The Section: With sections we move into the range of major segments, apparently fixed structurally over a long duration, and within which the relations of component corporations are primarily formal and representative, rather than based on a high density of inter personal bonds:
Beyond this range [the dug], in the zone of section relations and in that a clanship, corporate unit and solidarity tend to be a function of politico-ritual interdependence and of a balance between the competitive interests and the obligatory bonds of reciprocity of the major segments of the clan. (1945, p. 204)
Reciprocity is one of the two major categories of formal relations among the Tallensi, the other being mutuality. Reciprocity of course implies the greater distancing and the greater formal control over the vicissitudes of the relationship. Within the family, for example, fathers and sons relate with reciprocity, while brothers relate to each other through mutuality in such matters as small loans (see below). In the lineage framework, then, it is through the range of intermediate lineages that the degree of mutuality with regard to common interests is attenuated, so that by the level of the section reciprocity is dominant. We shall consider the implications of this for collective decision-making in Chapter 7, below.
A section may be a segment of either a clan or a maximal lineage. Like clanship, it has a strong territorial component in its definition, but nonetheless does correspond to an agnatically defined segment as well. As we saw to be the case with lower order units, the number of larger corporations - sections and maximal lineages - varies with the size of the clan; whether they are internally divided as to order varies as well, thus:
With the exception of the settlements of a few small clans not divided into sections ... a section is a local subdivision of the ten, occupied by a defined segment of the clan or maximal lineage. (Fortes, 1945, p. 166)
Ten, refers to the earth in a partitive sense here, with connotations of the portion of the earth associated with given corporations.

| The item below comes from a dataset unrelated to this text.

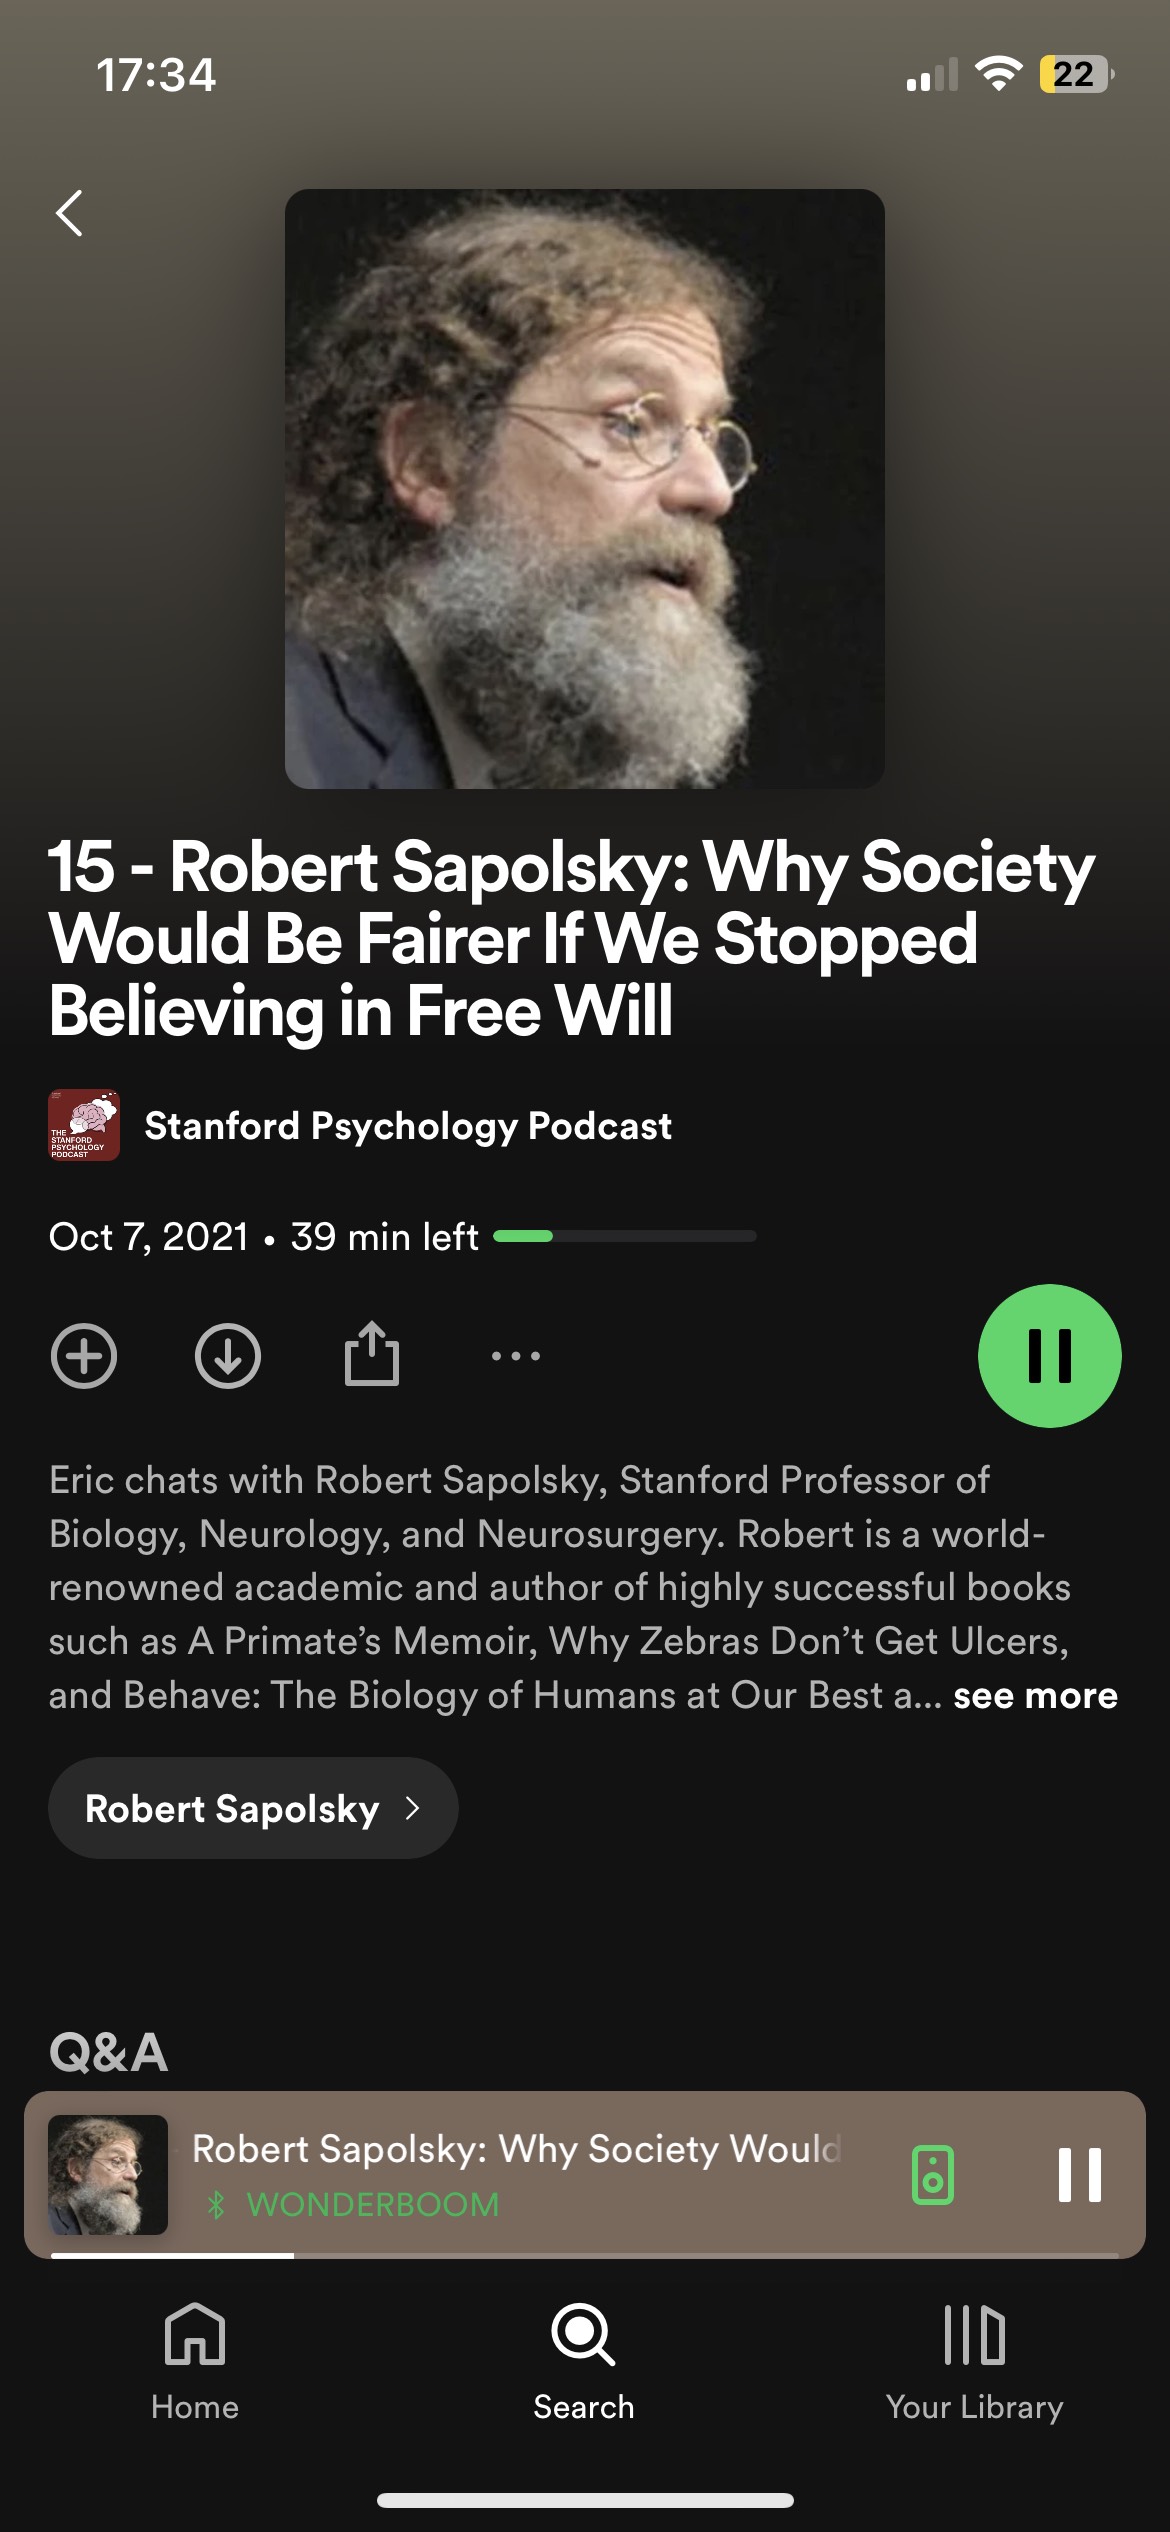 Robert Sapolsky of Stanford hits the top nonfiction list with 'Behave

Sections seem to be analogous to sub-clans in Fortes' terminology (and, as we shall see, the notions of maximal lineage and clan are also closely related; the choice of term depends largely on what group one takes as an example). This is not to say that they are the same. For example, within Mosuor biis ('the sons of Mosuor', a dispersed clan or maximal lineage, see below) there are four sub-clans, of which one, Tongo (which functions as a maximal lineage) is divided into four sections (Fortes, 1945, pp. 42-4 and 211-20). What I mean by analogous is that they follow essentially the same rules of behaviour and construction (although Fortes presumably calls Tongo a sub-clan to accent the territorial basis in its identity). The four major segments of Tongo are to be considered sections as long as Tongo is considered a sub-clan of Mosuor biis. Tongo, however, functions as a maximal lineage (1945, p. 216) and sacrifice to Mosuor is its sole prerogative, while each of the other 'sub-clans' sacrifices to its own independent ancestors. Thus, one could with some justification argue that the ascriptive status, the rights and obligations of Puhug (a section of Tongo) are the same as those of Tongo. That is, the same formal rules apply to two lineages, modified only by the incorporation of one into the other. Tongo is not functionally much distinct from a clan, nor Puhug from a sub-clan. The situation seems in a sense to be the opposite of that in the case of inner and medial lineages treated above; here rather than a distinction based primarily on the quality of inter-personal relations, we have distinctions which are almost entirely morphological. This is the significance of the politico-ritual struggles at this level; the changing balance of political oppositions and alignments works both toward an overall equilibrium, and toward the integration of proliferating segments into units which can maintain complementary relations:
The zone of yizug [section] relations is correlated with intra-clan political and ritual relations, with the aliquot distribution between segments of the clan of rights to politico-ritual offices, and with the complementary rights and duties of the major segments of the clan, upon which the maintenance of its structural equilibrium depends. (1945, p. 203)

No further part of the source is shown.